— YOUR INSTRUCTIONS —
Copy the data below exactly. Any pictures in it should be omitted.

— DATA —
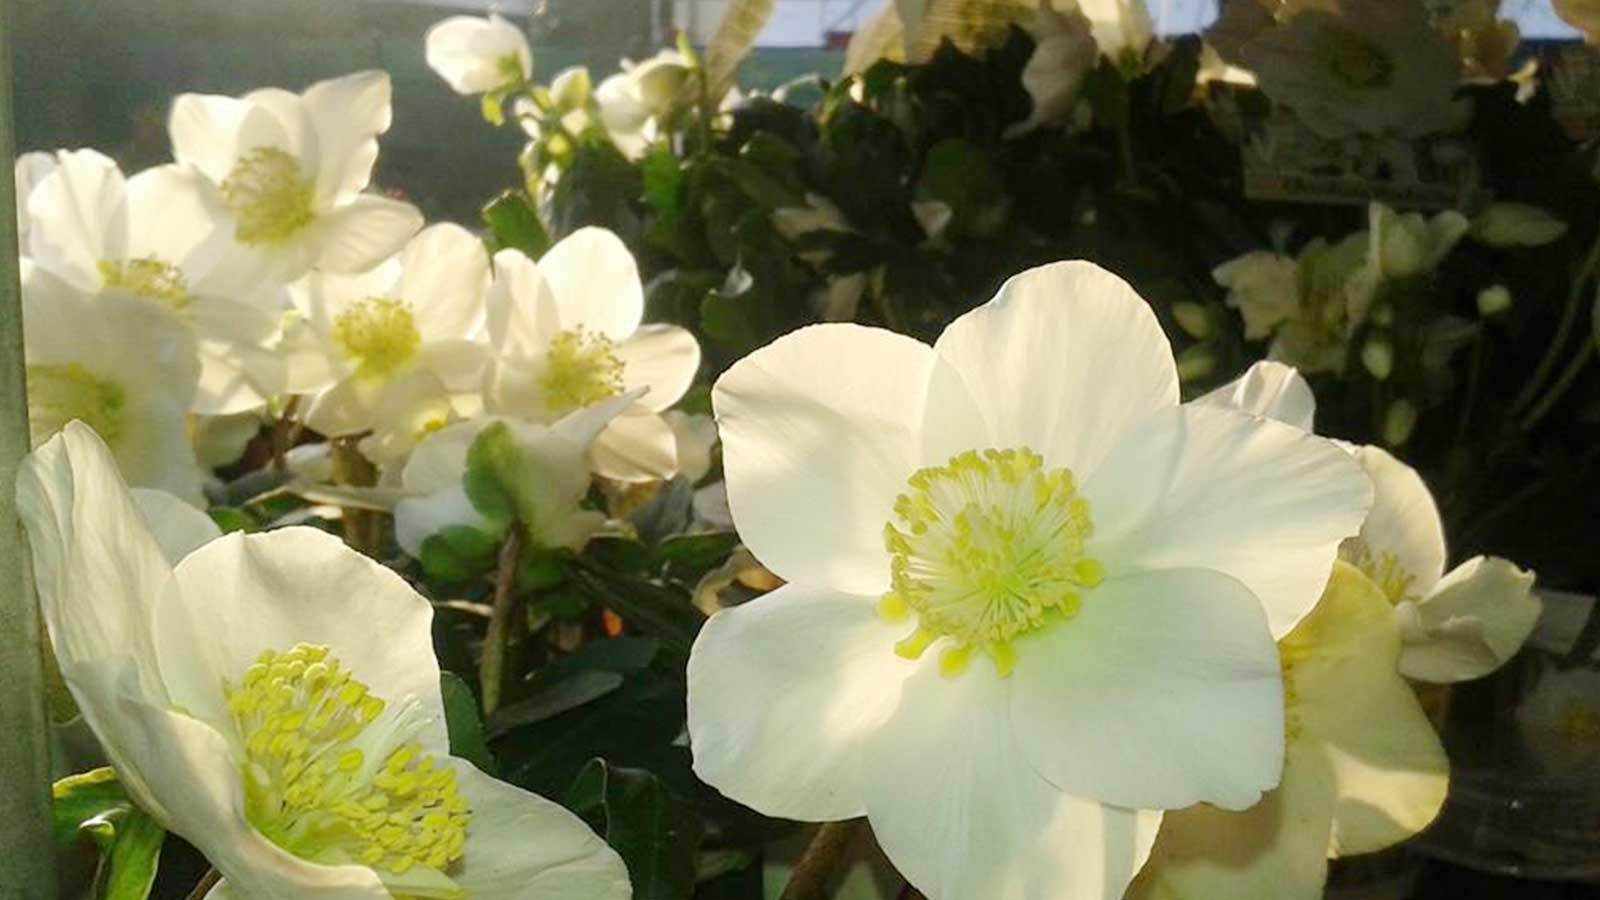 giardinaggio fiori e piante a PADOVA
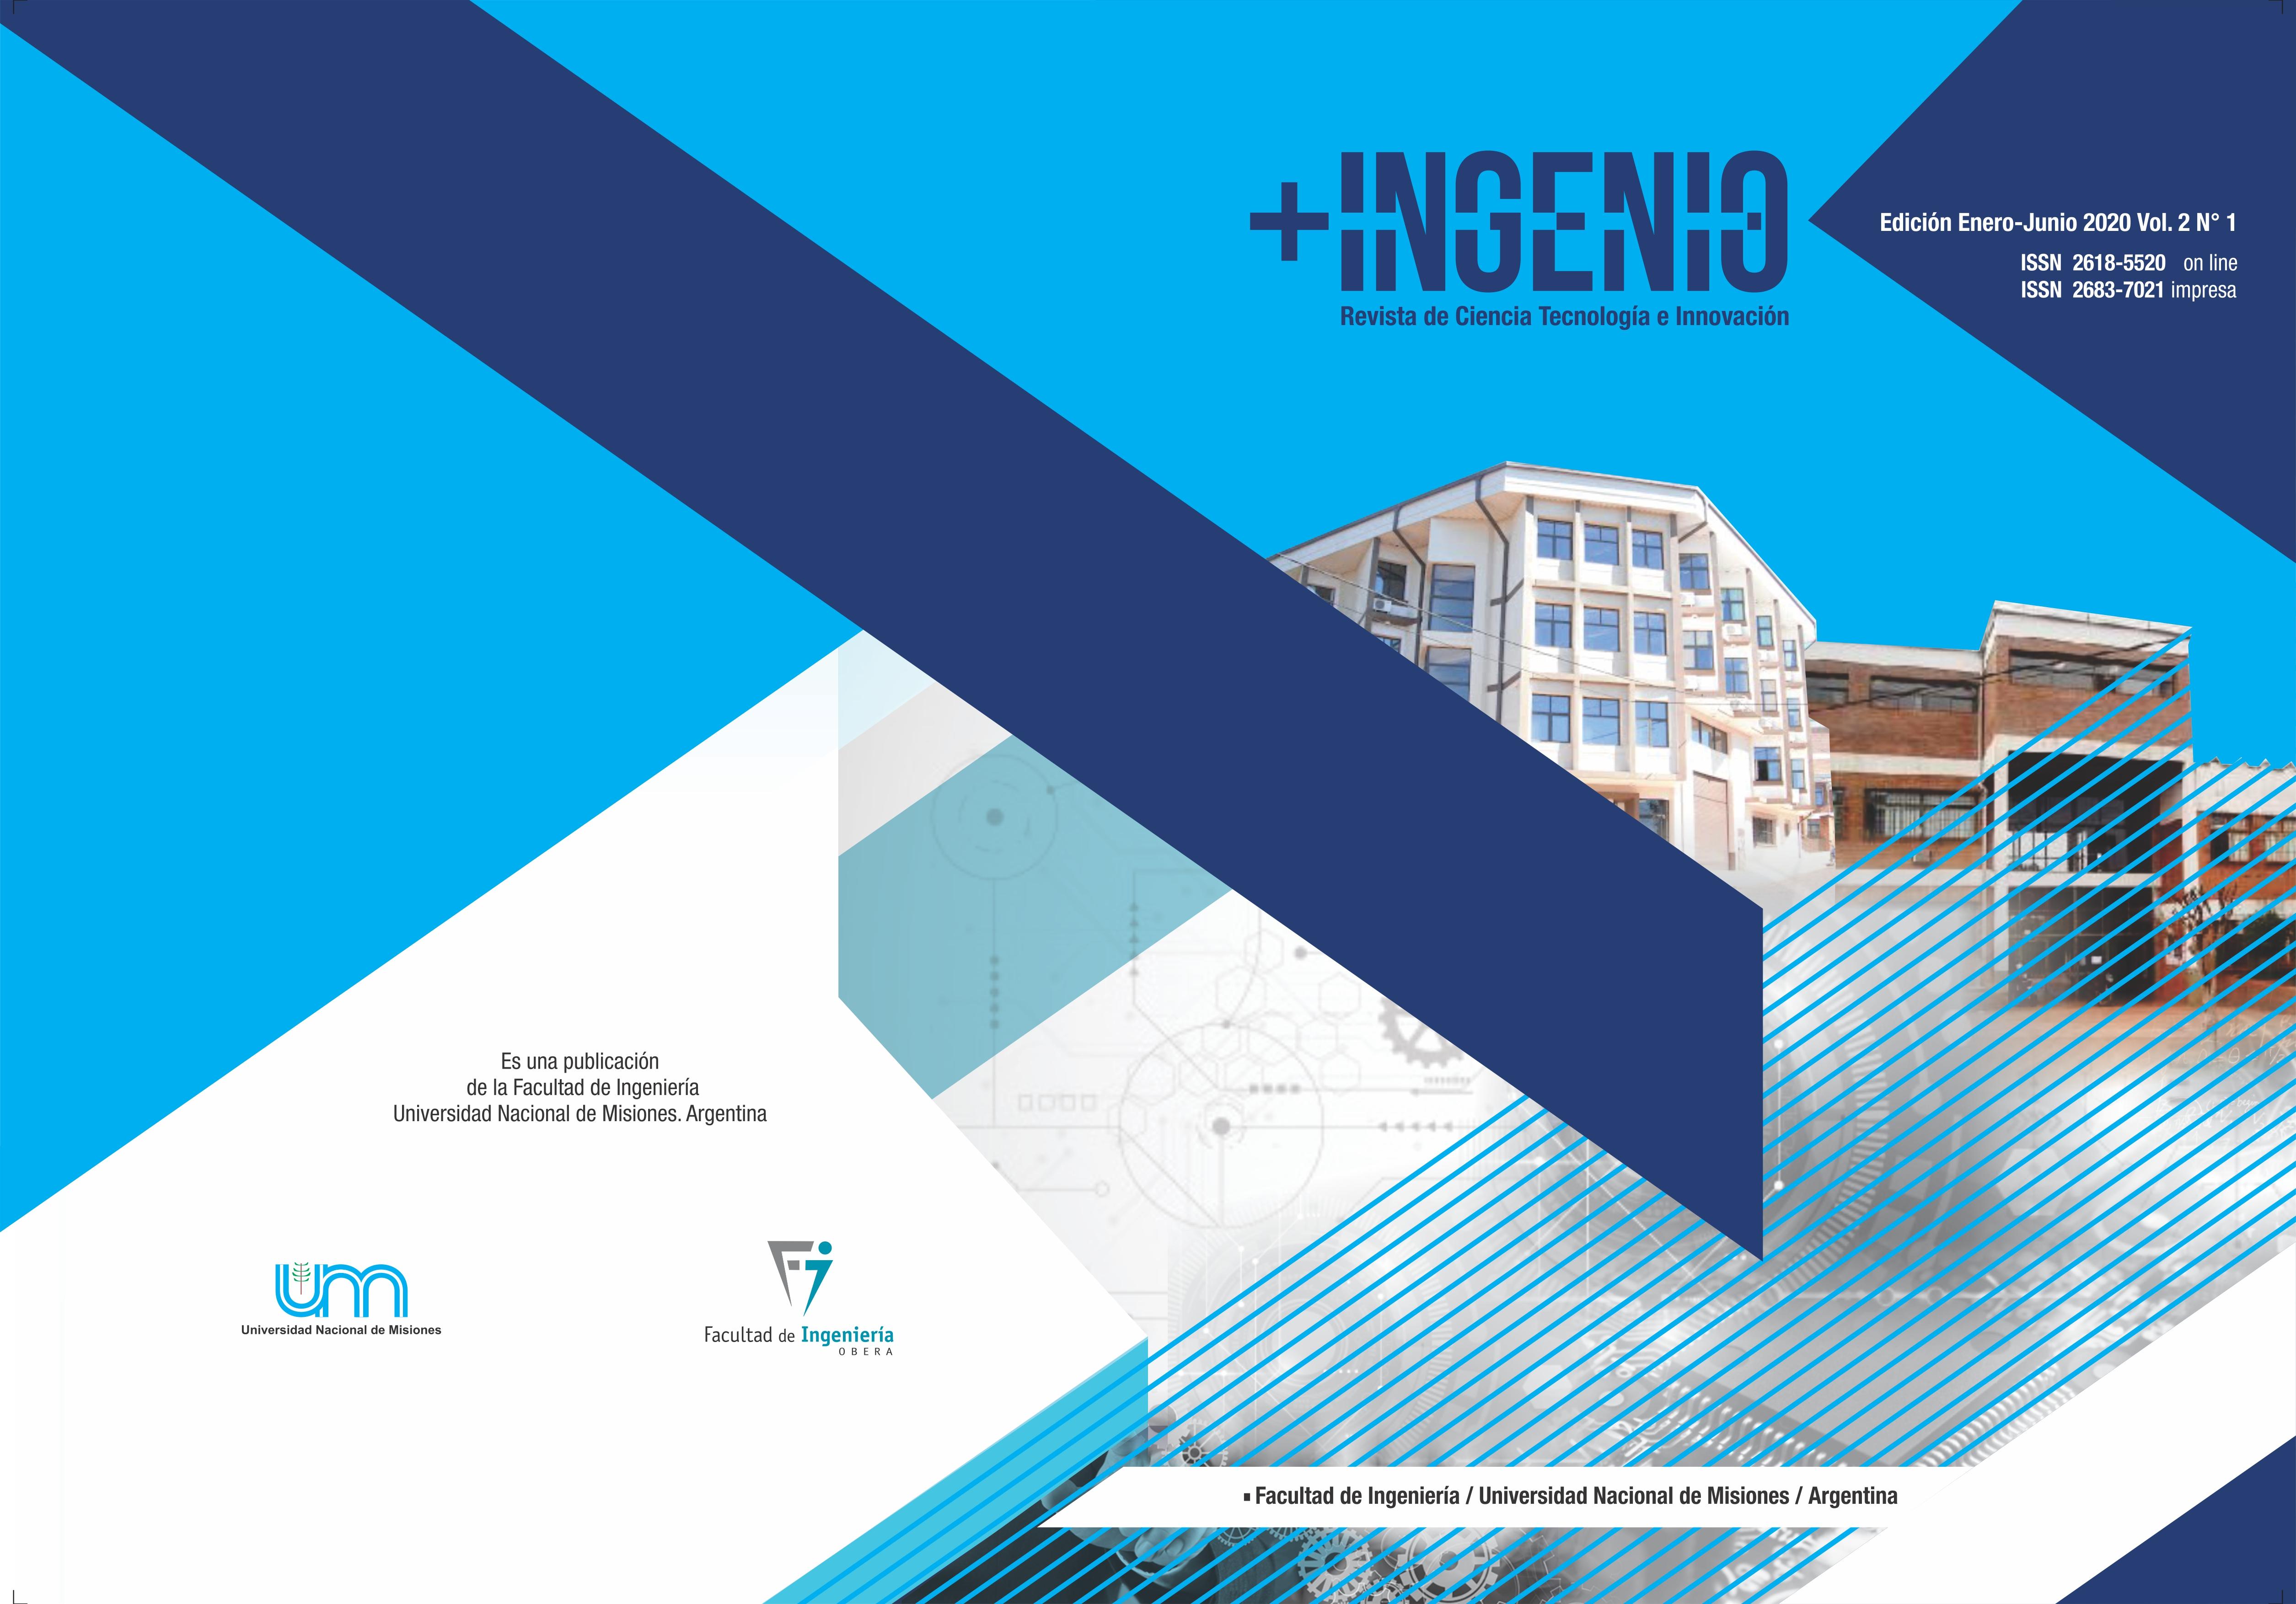 Ver Vol. 2 Núm. 1 (2): Revista de Ciencia, Técnologia e Innovación
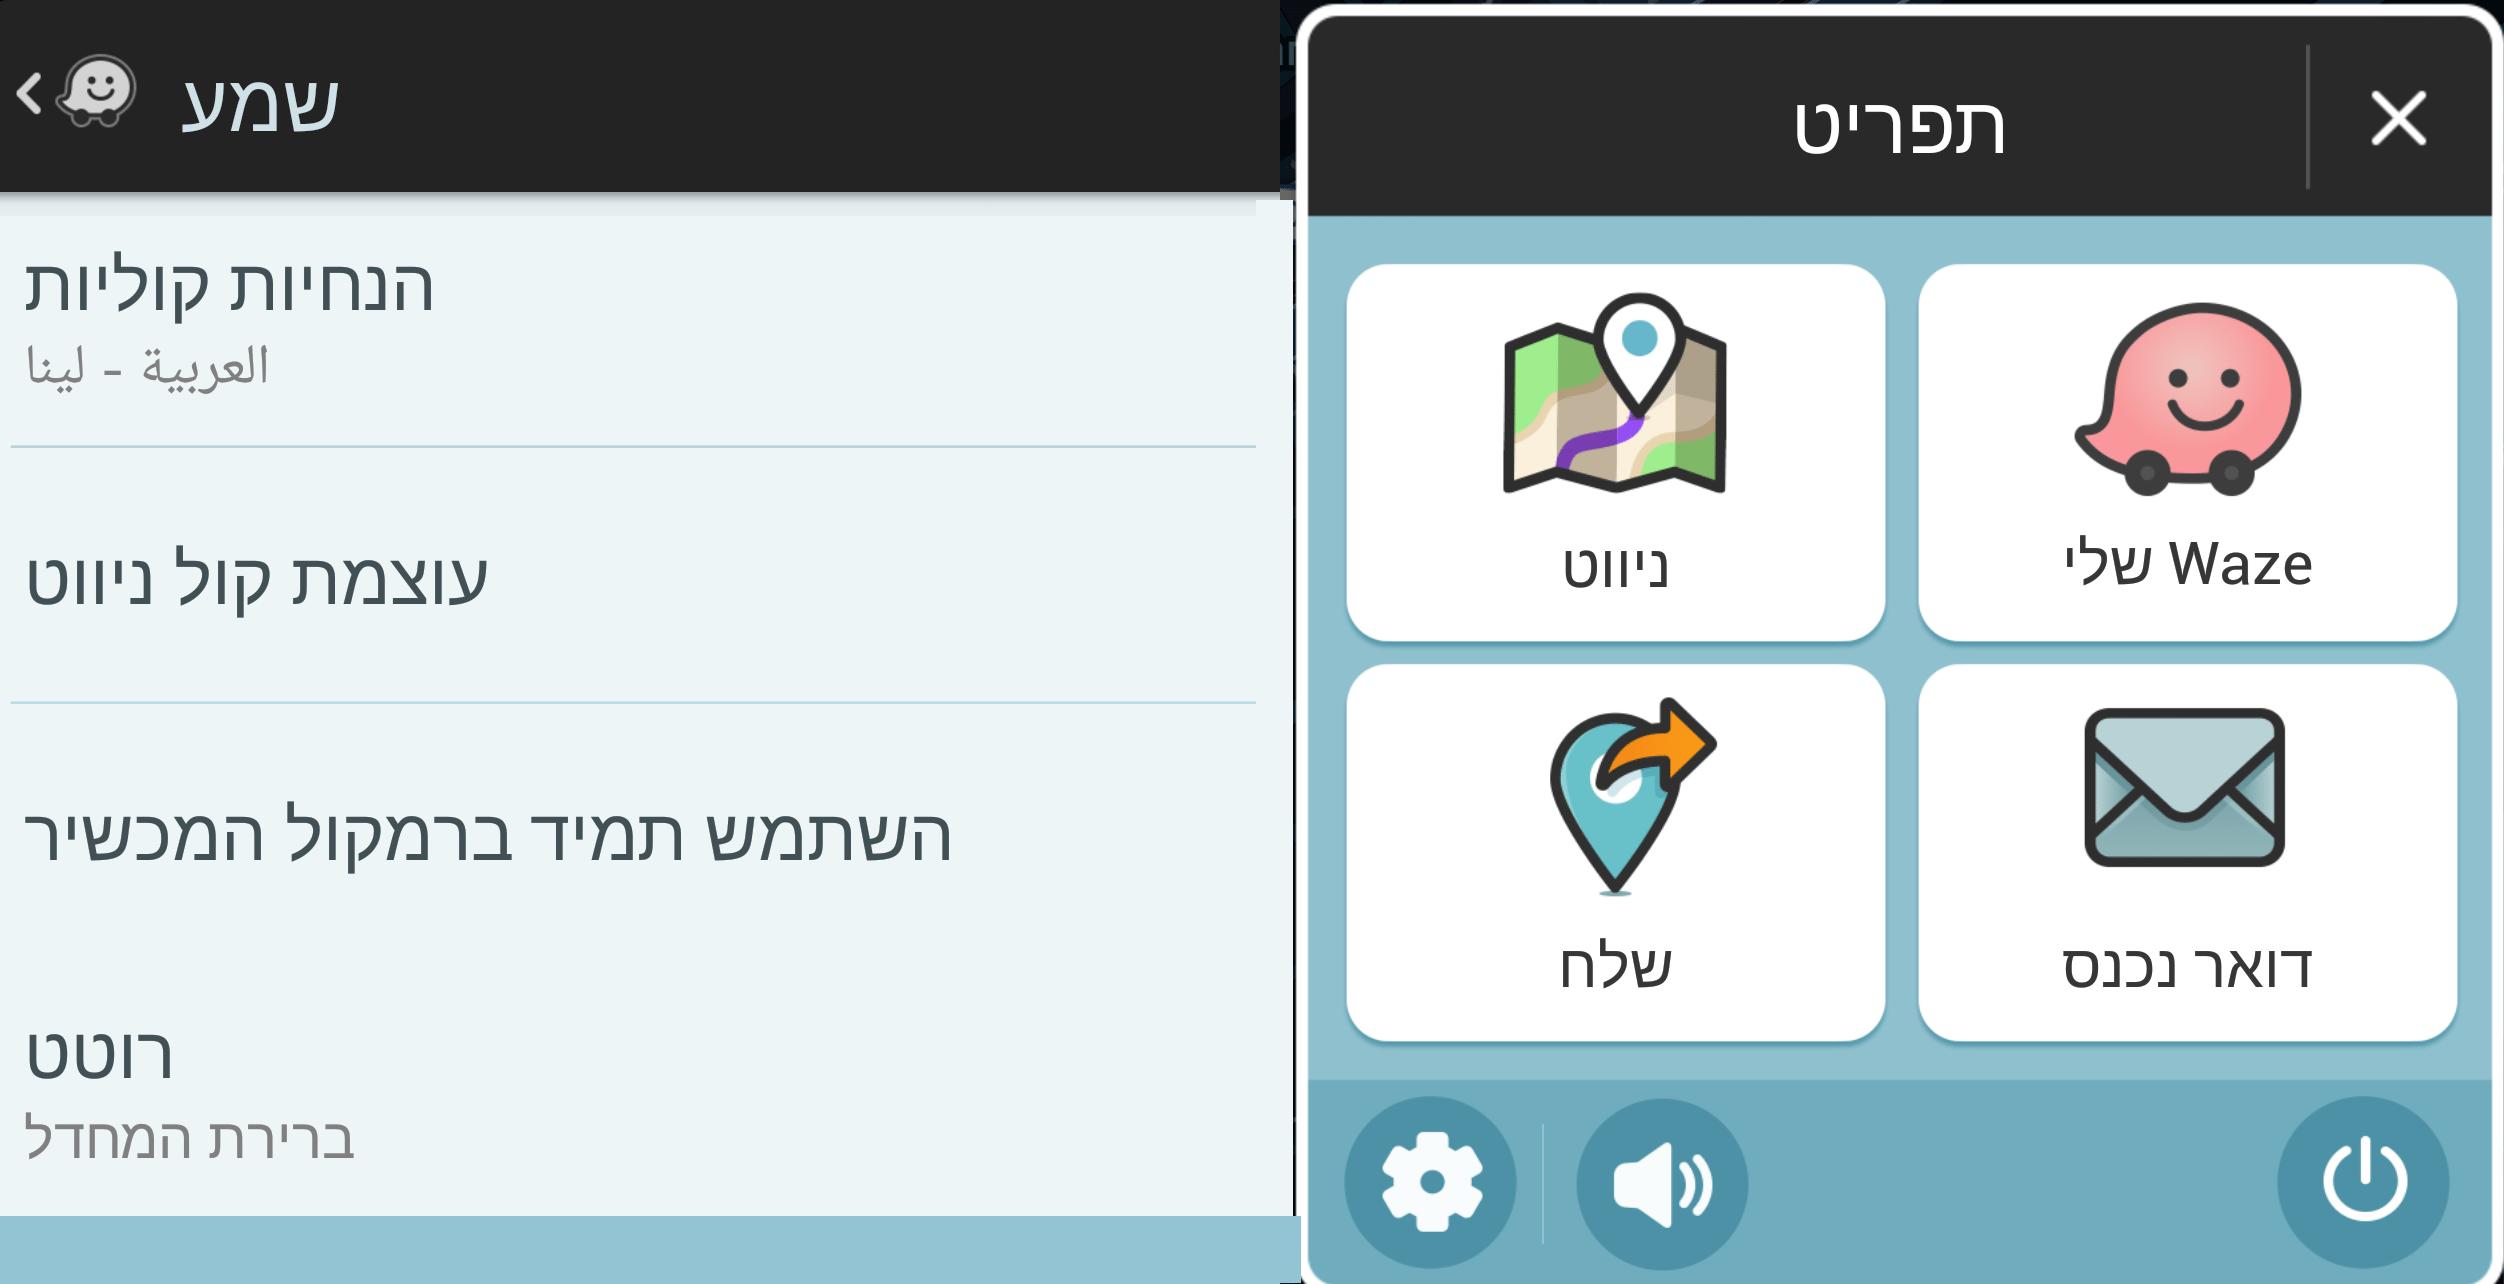 אפליקציית וויז בערבית

— OUTPUT OF THE TASK —
 giardinaggio fiori e piante a PADOVA
 Ver Vol. 2 Núm. 1 (2): Revista de Ciencia, Técnologia e Innovación
 אפליקציית וויז בערבית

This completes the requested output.